Соседская вечеринка
Самир застыл, переваривая полученную информацию.
– Может быть, мне не стоит вмешиваться… и я, вероятно, более консервативен в этой области, чем большинство, но разве тем самым вы не поощряете эксплуатацию женщин? – спросил он. – Разве не вы боролись долго и упорно за равные права, не боролись за то, чтобы вас не сексуализировали таким образом. Это ваше движение #MeToo[27] и тому подобное? Неужели вас совсем не беспокоит посыл, который вы транслируете другим женщинам?
Брук отмахнулась от упрека:
– Я думаю, женщины должны сами решать, когда они хотят быть сексуализированными, а когда нет. На мой взгляд, движение #MeToo направлено исключительно на то, чтобы женщины могли контролировать свое тело и жизнь.

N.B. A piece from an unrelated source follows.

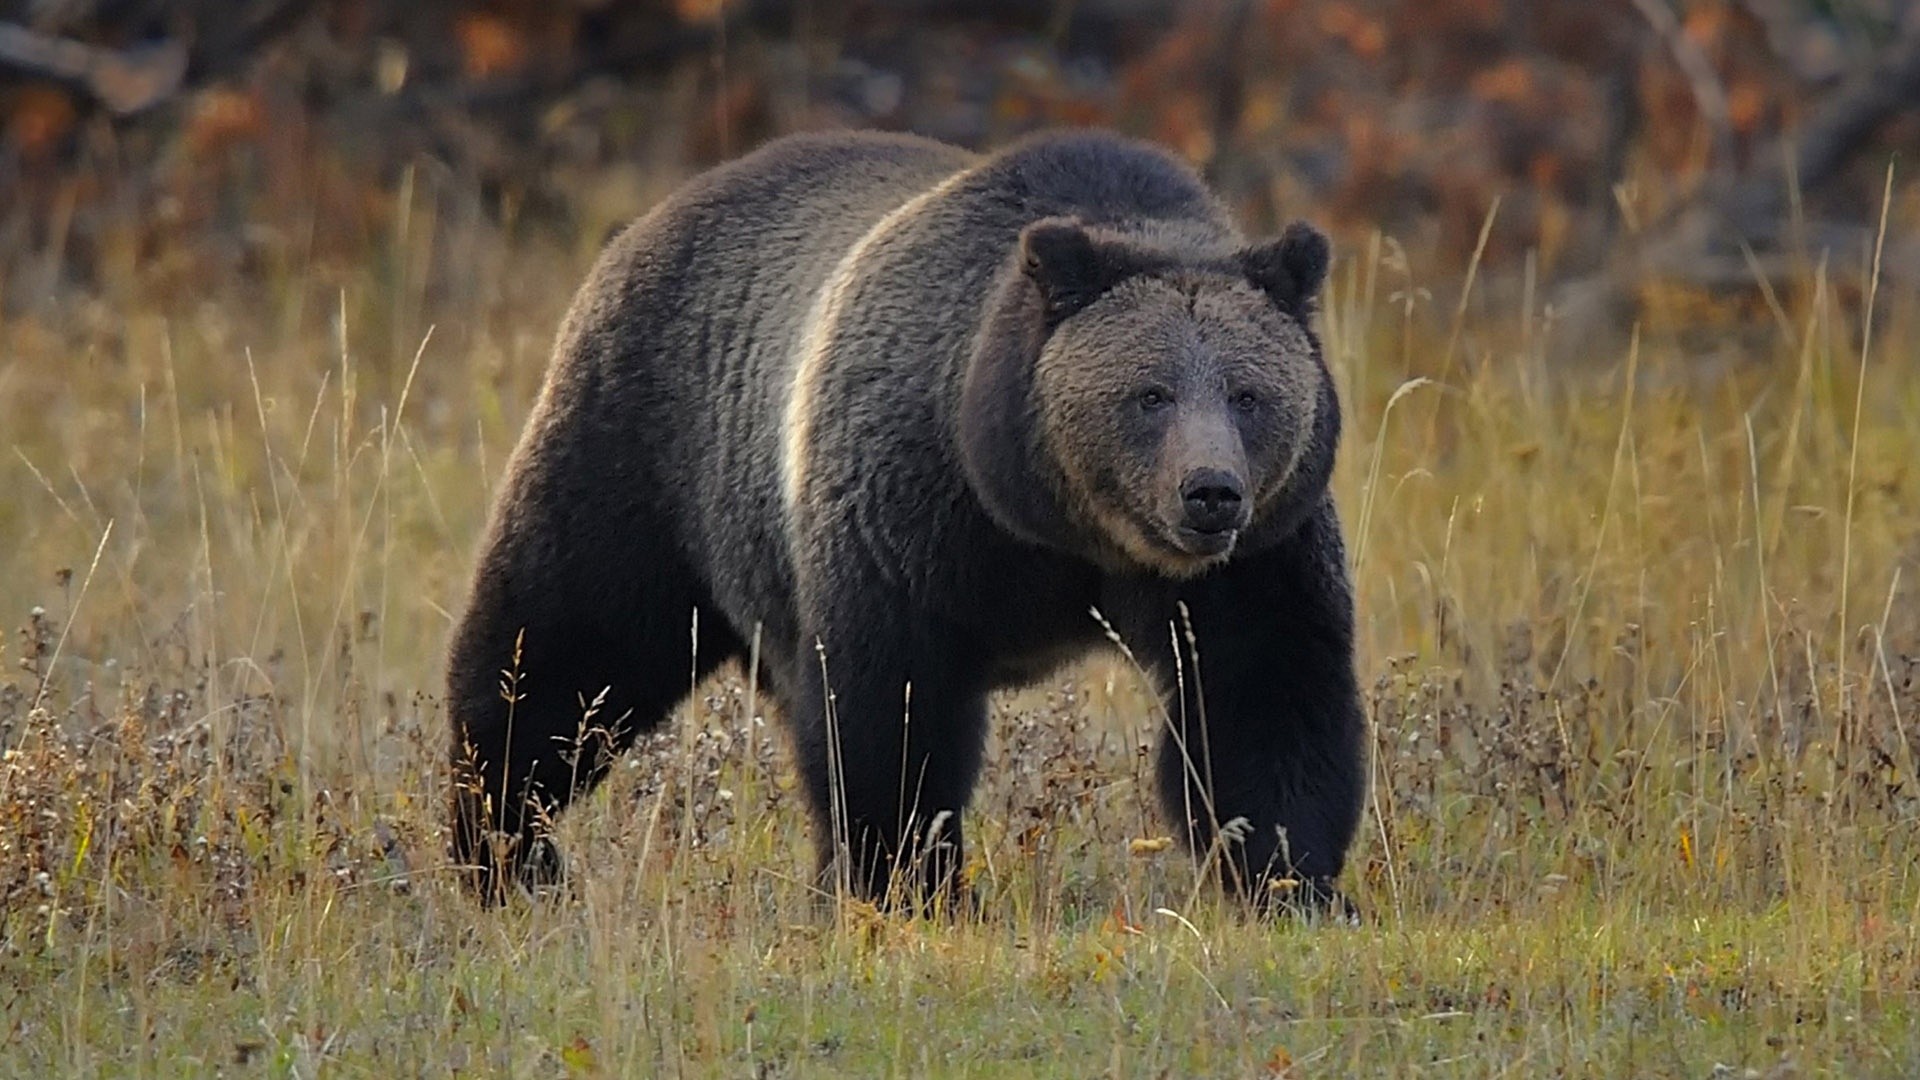 Montana Woman Found Dead After Grizzly Bear Mauling Near Yellowstone Identified

Мы не должны позволять мужчинам – или кому бы то ни было, если уж на то пошло, – решать, что мы можем или не можем делать в уединении нашего дома или выставлять на всеобщее обозрение.
Мэнди повернулась к Самиру с горящим взглядом.
– Не думаю, что ты по-настоящему понимаешь, что на самом деле означает эксплуатация женщин, – произнесла она, и ее пристальный взгляд, скользнув по столу, остановился прямо на Кене. – Позвольте мне рассказать немного больше об эксплуатации женщин.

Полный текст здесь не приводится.